Era esse o sentido do sermão do rabino? Não se tratava de uma coi­sa abstrata nem complexa, apesar da elaborada explicação, mas, ao con­trário, muito simples: agora nós vamos matá-lo.

Trinta, 31,32. As pernas de Will respondiam com chutes, como se per­tencessem a outra pessoa. O corpo estava em pânico, disparado num re­flexo de sobrevivência. Não mostravam sempre nos filmes, quando o assassino sufocava a vítima com um travesseiro ou apertava alguma coisa em volta de seu pescoço, as pernas movendo-se numa dança involuntária?

Quarenta, 41. Ou era cinqüenta? Will perdera a conta. Sua cabeça parecia inundada por uma cor nublada, como os desenhos que vemos sob as pálpebras pouco antes de cair no sono. Queria chorar pela mu­lher que ia deixar para trás e perguntava-se se era possível chorar de­baixo d'água. O próprio pensamento desvaneceu-se.

Afinal, soltaram-no, mas ele não emergiu da água ofegando com a energia de antes. Os homens tiveram então de tirá-lo, deixando-o de­sabar no chão. Ali ficou estendido, o peito subindo e descendo rápido, em descompasso com o resto do corpo. Ouvia uma respiração distante e não tinha certeza se era a sua.

Aos poucos, sentiu os ouvidos destamparem-se e a força retornar-lhe aos braços e às pernas. Continuou caído ao chão, incapaz de levan­tar-se. Se o quisessem sentado e atento, teriam eles mesmos de erguê-lo.

Deitado, detectou algo diferente, outra pessoa no grupo em volta. Percebeu nova atividade, trocas de sussurros. O novo integrante da tur­ma parecia respirar forte, como se tivesse chegado correndo. Ele ouvia o rabino, embora este parecesse distraído, sua voz dirigida para baixo, como se olhasse para alguma coisa, lendo-a.

— Sr. Mitchell, Moshe Menachem, que estava conosco alguns mo­mentos atrás, acabou de concluir uma incumbência. — Barba-ruiva. — Ele foi até a casa de Shimon Shmuel. Voltou com uma carteira. A sua carteira.

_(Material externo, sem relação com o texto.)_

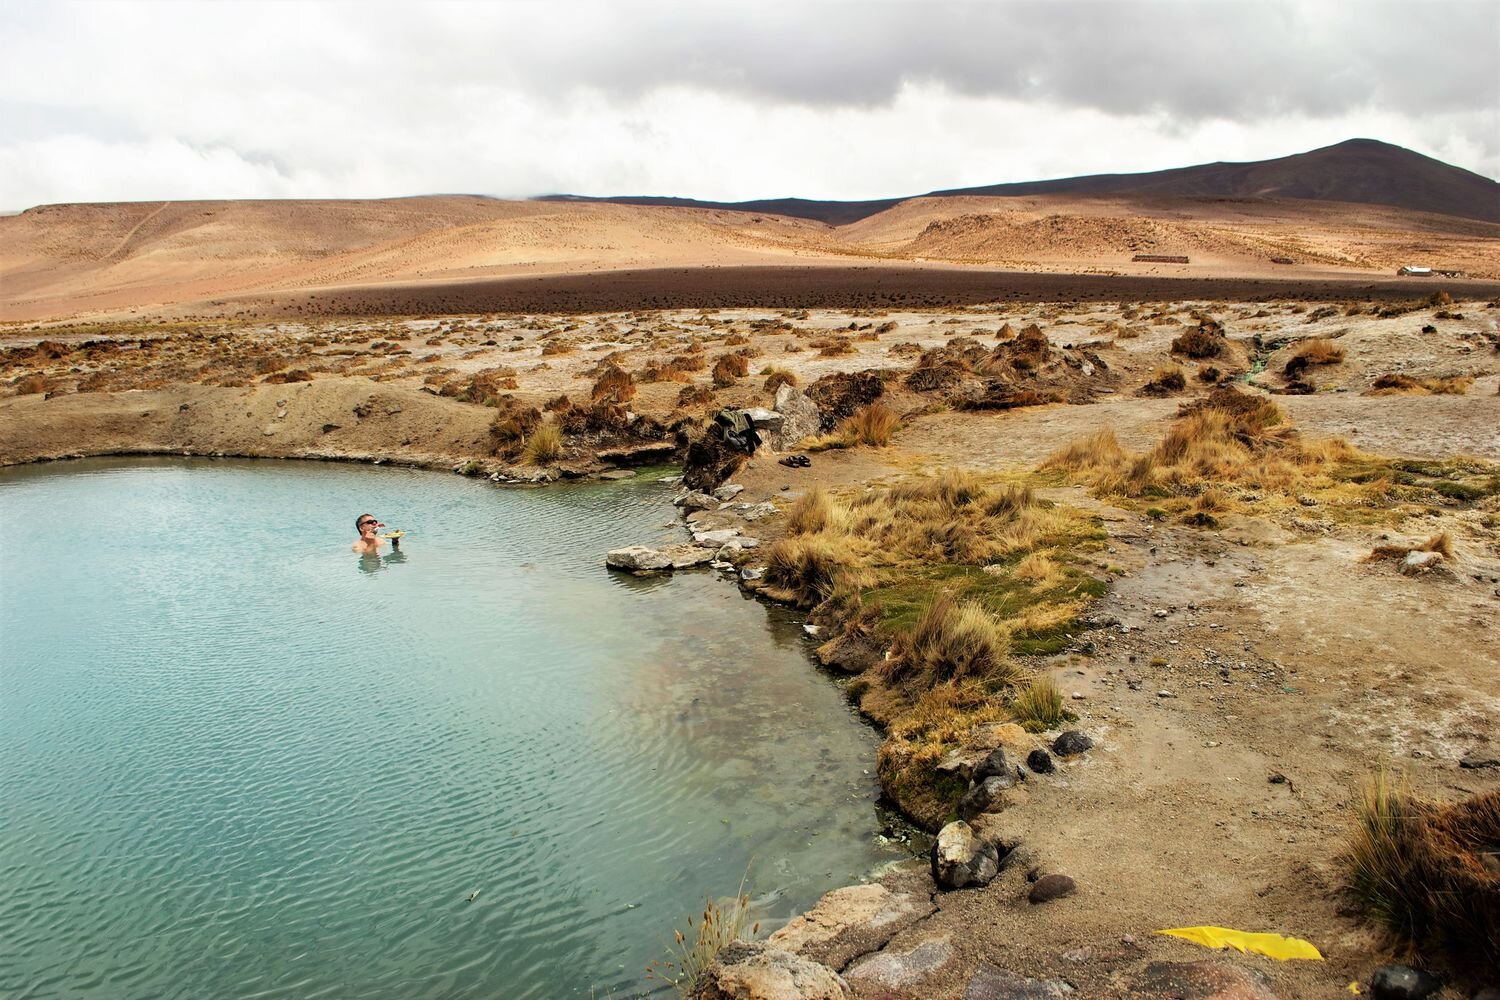  Hot springs in the Chilean altiplano. El Tatio Geyser, Chile.

Haviam vasculhado sua bolsa; agora seria certamente o seu fim. A carteira o denunciaria. Que tinha ali? Nenhum cartão de visita; ele não era quase ninguém na cadeia hierárquica do Times para ter um. Tam­pouco cartões de crédito; guardava-os numa carteira separada, fecha­da com zíper num compartimento da bolsa. Deixara-os lá, calculando que, embora Sara Leah não resistisse a dar uma espiada em seus per­tences, hesitaria em fazer uma investigação completa.

Que mais ele tinha? Toneladas de recibos de táxi. Será que alguma coisa com seu nome? Guardara num envelope separado todas as contas de hotel e recibos de cartão de crédito de quando estivera no Noroeste, para o reembolso posterior das despesas. Talvez estivesse tudo bem. Talvez se livrasse.

— Tirem a venda. Desamarrem as mãos dele. Levem-no de volta para o Bet HaMidrash.

Will sentiu a desordem em sua glândula supra-renal: seria um si­nal para produzir ainda mais adrenalina, pronta para a provação que ainda estava por vir ou, afinal, de que o perigo diminuía? Era uma boa ou uma má notícia?

Ele sentiu mãos mexerem-lhe na nuca e depois um aumento de luz, quando retiraram a venda encharcada que lhe cobria os olhos. Instinti­vamente, sacudiu as gotas de água ao abrir os olhos. Estava ao ar livre, numa pequena área circundada por uma cerca de madeira — o tipo de espaço que os grandes prédios destinam para depositar o lixo. Viam-se alguns canos e, a seus pés, um reflexo de água. Ele mal teve chance de olhar, os dois homens que o seguravam já o levavam para longe dali. Mas imaginou que fosse o espaço para algum tipo de tanque de abas­tecimento externo, uma grande cuba usada para coletar água da chuva.

Conduziram-no então por uma porta, de volta ao interior, embo­ra alguma coisa lhe dissesse que não era o caminho por onde haviam saído. Em primeiro lugar, parecia mais silencioso. Will imaginou que fosse um prédio separado, talvez uma casa anexa à sinagoga.

O interior não parecia diferente: o mesmo piso simples e as várias salas de aula e escritórios. Acompanhado por Barba-ruiva, ou Moshe Menachem, e o israelense, um de cada lado, dirigiram-se para um des­ses cômodos, e Will ouviu a porta fechar-se atrás deles.

— Vamos sentá-lo. Dê uma toalha para ele. E arranje uma camisa seca.

A voz do rabino; ainda atrás dele. Embora a venda tivesse sido re­tirada, Will sabia nitidamente que não veria nada.



  • Muito bem, vamos começar mais uma vez. Will preparou-se.

  • Precisamos ter uma conversa, Sr. Monroe.